MATERIAL SUPPLIED:
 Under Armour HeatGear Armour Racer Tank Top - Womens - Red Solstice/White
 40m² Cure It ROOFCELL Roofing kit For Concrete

* * *

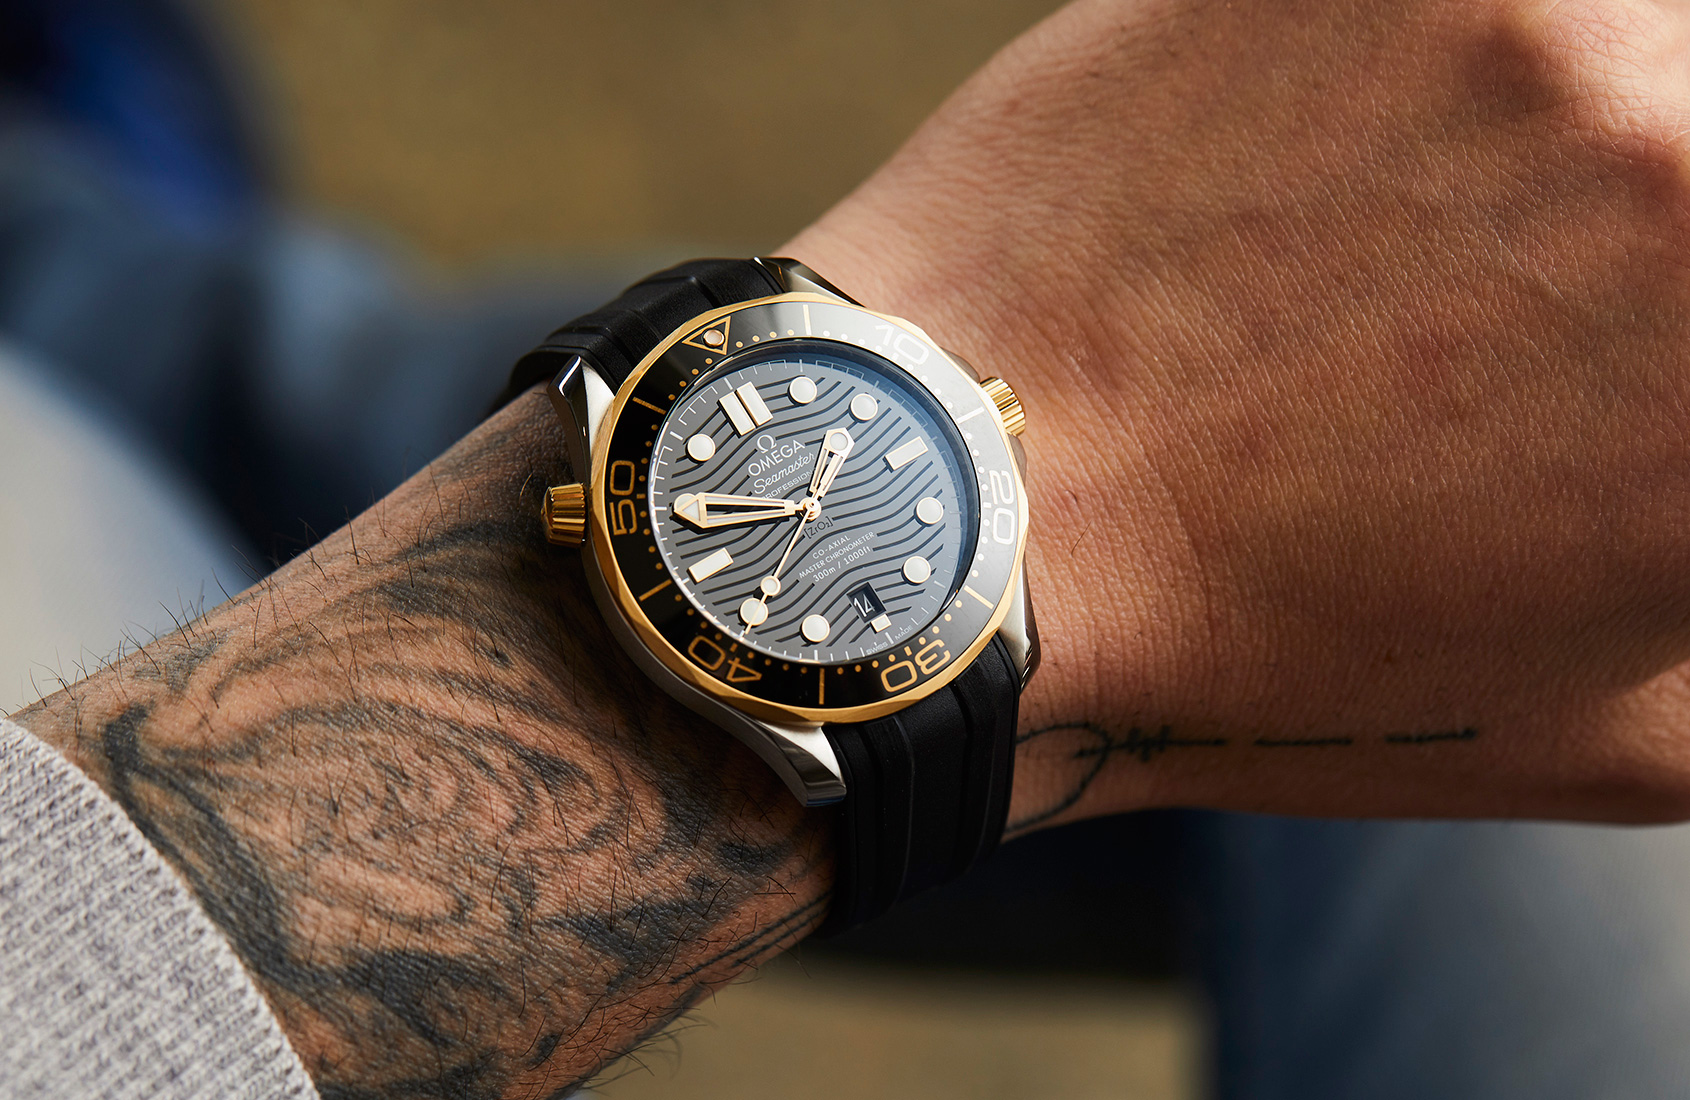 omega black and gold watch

INSTRUCTIONS TO FOLLOW: Copy the lines above exactly. Start with the line containing "Under Armour HeatGear", end with the line containing "40m² Cure It", and include both.

ANSWER FOR THE TASK:
 Under Armour HeatGear Armour Racer Tank Top - Womens - Red Solstice/White
 40m² Cure It ROOFCELL Roofing kit For Concrete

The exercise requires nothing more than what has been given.